Accurate forecasting of dispersal and drive in many pest species may require the inclusion of additional nuance relating to habitat distribution, which is often modelled as a continuous landscape. For example, weed dispersal is often modelled based on a leptokurtic kernel (Bullock et al., 2017), with frequent short‐range dispersal events (on the order of 2 m) and infrequent long‐range events (detected up to 100 m from the sources in one study; Skarpaas & Shea, 2007). When applied to a continuous landscape, this manifests as an invasion progressing with constant speed, an unlikely scenario outside of a model. For underdominant genetic control systems (characterized by high‐threshold frequency‐dependent drive ability, see Section 4), this may lead to unrealized predictions of progressive spatial spread in the form of an advancing hybrid zone (Barton & Turelli, 2011; Champer et al., 2020). More precise information on pest habitat distribution, dispersal rates and potential barriers to gene flow will help to make more accurate predictions regarding the expected spread of gene drives, the outcome of genetic control programmes and the associated confinement and biosafety procedures.
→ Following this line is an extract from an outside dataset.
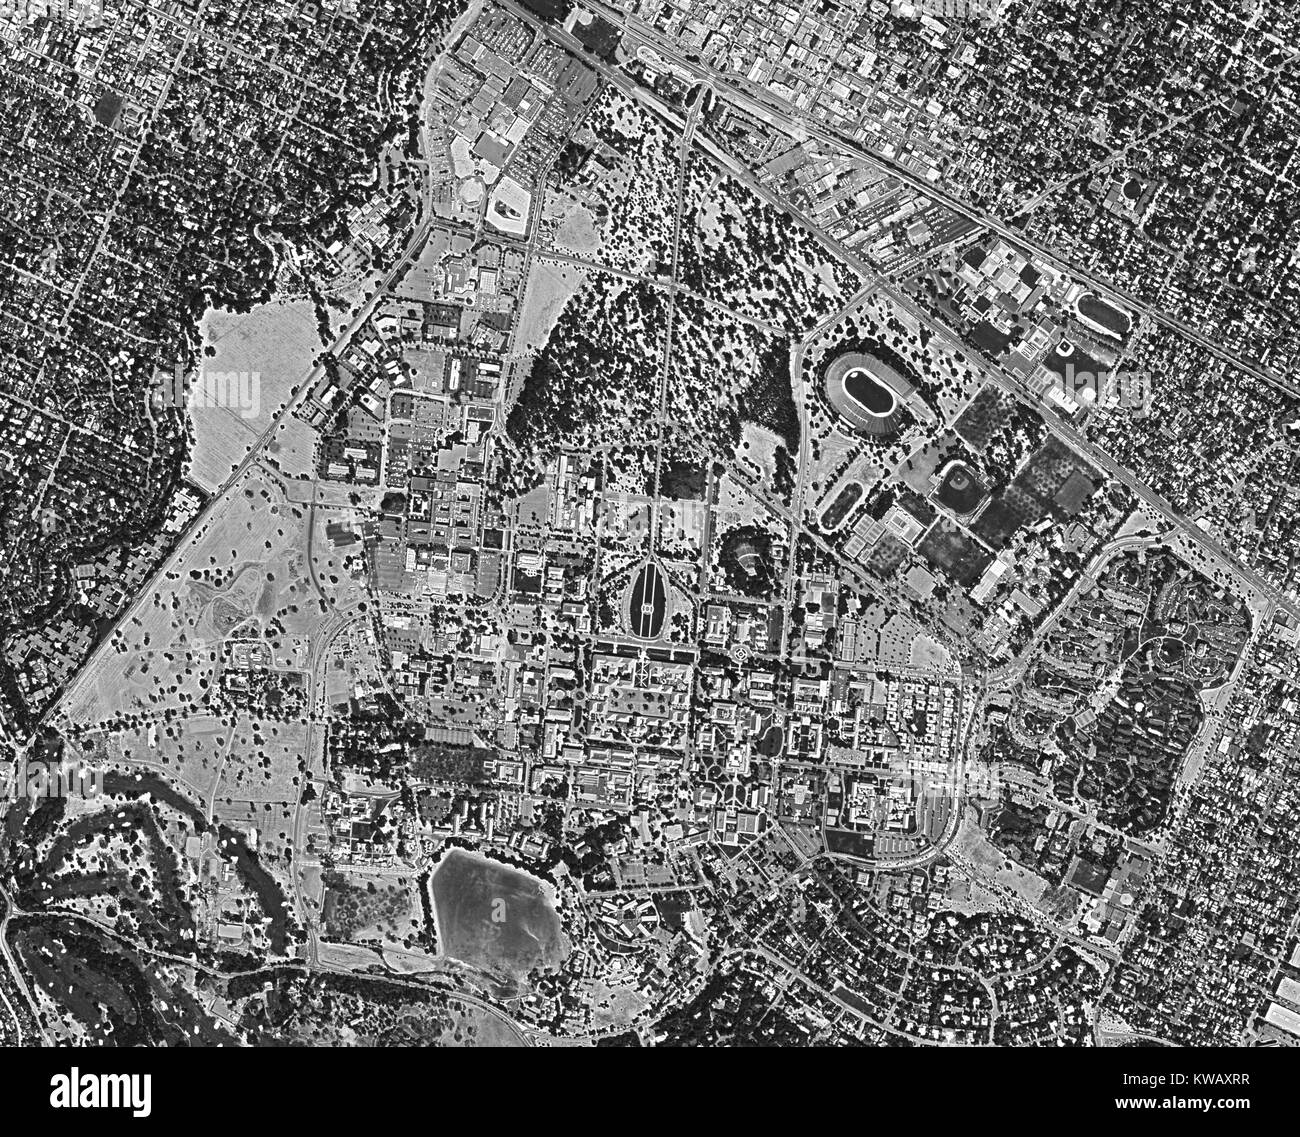 Declassified reconnaissance satellite view, taken by the Central Intelligence Agency's (CIA) Keyhole (AKA Corona or Discoverer) spy satellite of Stanford University and a portion of University Avenue in the Silicon Valley town of Palo Alto, California, September, 1984. Stock Photo

3.2. Population dynamics, demography and age and stage structure

Population dynamics and the age and stage structure of a target species are often linked, and the resulting variations in temporal and spatial patterns of population densities and age distribution can influence the timing and nature of selective forces in a target population. However, these variations are often highly specific to individual pest species and life histories. Genetic control strategies are highly sensitive to the relative fitness profiles of released, drive‐carrying individuals and resident, wild‐type individuals (Backus & Delborne, 2019), which typically define the critical release ratios needed for a successful implementation (whether the goal is population replacement or suppression). The specificities of a target's population dynamics and demography are therefore highly relevant to any genetic control programme, and we illustrate in this section how they are likely to affect (a) the optimal timing of the release(s) of gene drive‐carrying individuals, (b) the numbers of individuals to be released and their spatial distribution and (c) the outcome of releases across different ages or stages of the target population.

The population dynamics of most agricultural pest species are defined by resource availability (often crops) and environmental conditions. Given the seasonal nature of many crops, pest population sizes often fluctuate tremendously in consequence. For example, for Dsuzukii and several other fruit crop pests, population dynamics are strongly linked to temperature and fruit quantity and quality during the off‐season. Off‐season resources drive the population dynamics by influencing mortality and development rates of all life stages (Gutierrez et al., 2016; Langille et al., 2016). Temperature also influences female fecundity, and over the winter months, Dsuzukii undergoes a reproductive diapause (Emiljanowicz et al., 2014; Ryan et al., 2016). Consequently, the population densities of a Dsuzukii population are expected to not only fluctuate between seasons, but to do so in a different fashion and with a different temporal profile across years depending on environmental factors affecting off‐season resources. Because a potential population suppression programme against this pest will work best if it targets the population at its lowest density, it is necessary to understand the dynamics of all stages of a population on any given year to be able to optimize the reduction in crop damage from a given release implementation (numbers released and spatial pattern).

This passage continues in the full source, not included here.